朗読劇を通して仏教の心を伝える。|「チームいちばん星」久保田 夕子さんインタビュー
音楽や照明を駆使して、聴者の心に訴えかける
(画像提供:久保田さん)
――朗読劇の上演の様子を教えてください。
久保田:開演宣言の後、会場を真っ暗にして、ナレーションが始まります。続けて、話者にスポットライトが当たり朗読が始まる、という流れです。
すべてのストーリーが終わったら、ピアノの演奏をバックに5分程度の法話も行い、仏教の観点を解説しています。上演時間はおよそ1時間でしょうか。
――上演の中で、工夫されていることはありますか?
久保田:ストーリーの中にそれぞれ5分程度の章節を作り、話の切り替えの際には音楽を挟む、という流れを作るようにしました。「いのちのいろえんぴつ」の場合は全5章に分割しています。
こうすることで、気持ちの整理をできる時間が確保されるだけでなく、聴者が飽きにくくなるんです。
朗読劇は演劇よりも出演者の身体動作が少ないので、準備が容易な反面、表現の幅が狭まってしまいます。なので、その分音楽と照明にはとことんこだわるようにしていますね。例えば「佐賀のがばいばあちゃん」の場合は、少年が列車に乗って佐賀へ行くシーンがあるので、列車の音の効果音を入れて、臨場感を増しています。
――ご活動の中で、ご苦労されたことはありますか?
久保田:活動当初は「仏教要素がない」と指摘されたこともありました。「いのちのいろえんぴつ」、「佐賀のがばいばあちゃん」は、そもそもお話自体が仏教的だと思っていたので、始めは戸惑いを隠せませんでしたね。
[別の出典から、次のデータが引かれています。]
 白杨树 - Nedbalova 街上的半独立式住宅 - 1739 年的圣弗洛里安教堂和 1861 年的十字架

ですが、劇だけでは仏教要素が伝わっていないという事実でもあるので、その件をきっかけに法話も行うようにしました。
――初めて上演を行った時のご感想は?
久保田:みんな感動して、上演後に握手を求められたのを覚えています。当初は近隣寺院の花まつりや報恩講で上演していましたが、ご縁がご縁を呼び、北海道内外の別院や中学校、高校などにも出向くようになりました。そのほか、北海道を飛び出して築地本願寺、各教区教務所、社会福祉協議会の研修会等と、おかげさまでさまざまな地方、現場で上演をさせていただきました。
ーー中学校でも行われているのですね。
久保田:そうですね。ある上演でたまたま中学校の先生が聴いてくださり、それがきっかけで中学校にもお呼びいただきました。でも、当時はまさか学校で上演できると思いませんでしたね。しかも布袍を着て。
ーー上演を行って、どういった反応をいただくことが多いですか?
久保田:感動して涙を流される方が多いですね。いろんな場で上演していますが、聴者はもちろん、学校の先生や会場のスタッフさんまで泣いておられることもありました。
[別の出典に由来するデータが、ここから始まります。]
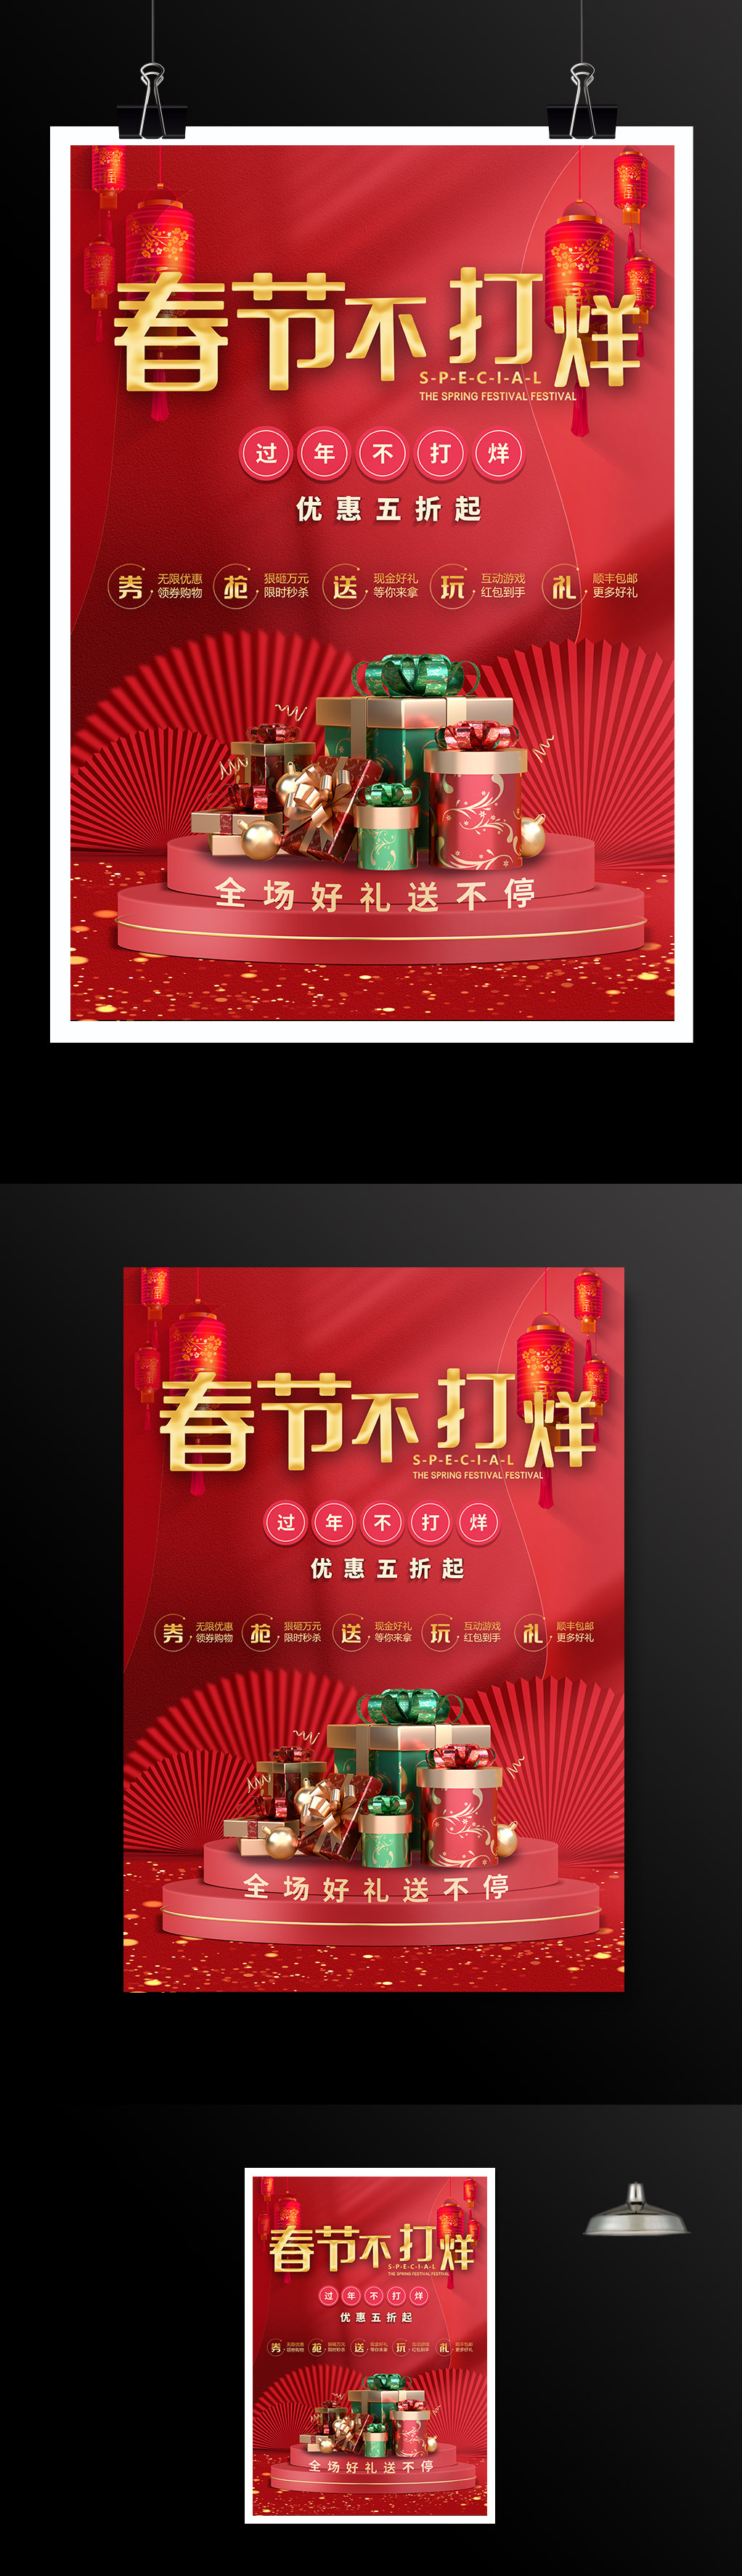  新年春节促销活动海报

中学校での上演後、生徒さんから文章で感想をいただきますが「母親に感謝の気持ちを伝えようと思った」、「命の授業なんて面倒くさいと思っていたけど、チームいちばん星さんのお話は心にささった」といったコメントが印象に残っています。
ーー多くの方の心を動かしているのですね。
久保田:例えば「いのちのいろえんぴつ」では、最終的に女の子は亡くなってしまいますが、それは決して悲しい話ではなく、命を終えていくことを通して「生きる意味」や「いのちの尊さ」を私たちに教えてくれています。その普遍的なメッセージが、多くの人の心を動かしているのではないでしょうか。
楽しみながら、無理をせず
(画像提供:久保田さん)
ーーご活動の中で、大切にされていることはありますか?
久保田:まず、私たちが楽しんで活動することを大前提としています。そのうえで、なるべくそのときの気持ちや感覚も大切にしています。それぞれのメンバーが、上演のときや感想を聞いたときにどう心が動いたかを互いに振り返り、共有するようにもしていますね。多くの方に感動していただくためには、まず自分たちの気持ちを大切にするべきだと思っています。
ーー最後に、今後のご展望を教えて下さい。
久保田:あまり深く考えず、成り行きに身を任せています。
かつては最大で年間40回程度(上演依頼を)お受けしたこともありましたが、現在は無理をせず、月に3回まで(年間36回まで)としています。昨今は新型コロナウイルス感染症の影響で上演依頼も大きく減少しましたが、今後も各回のご縁を大切に、上演を続けてまいりたいと思います。
インタビューを終えて
今回は、朗読劇「チームいちばん星」のご活動について、代表の久保田さんにお話を伺いました。映像、音楽、そして照明と、伝える手段が多様な現代。それらを余すことなく活用した活動ではないでしょうか。伝え方の新たな可能性を感じたインタビューでした。
久保田さん、ありがとうございました。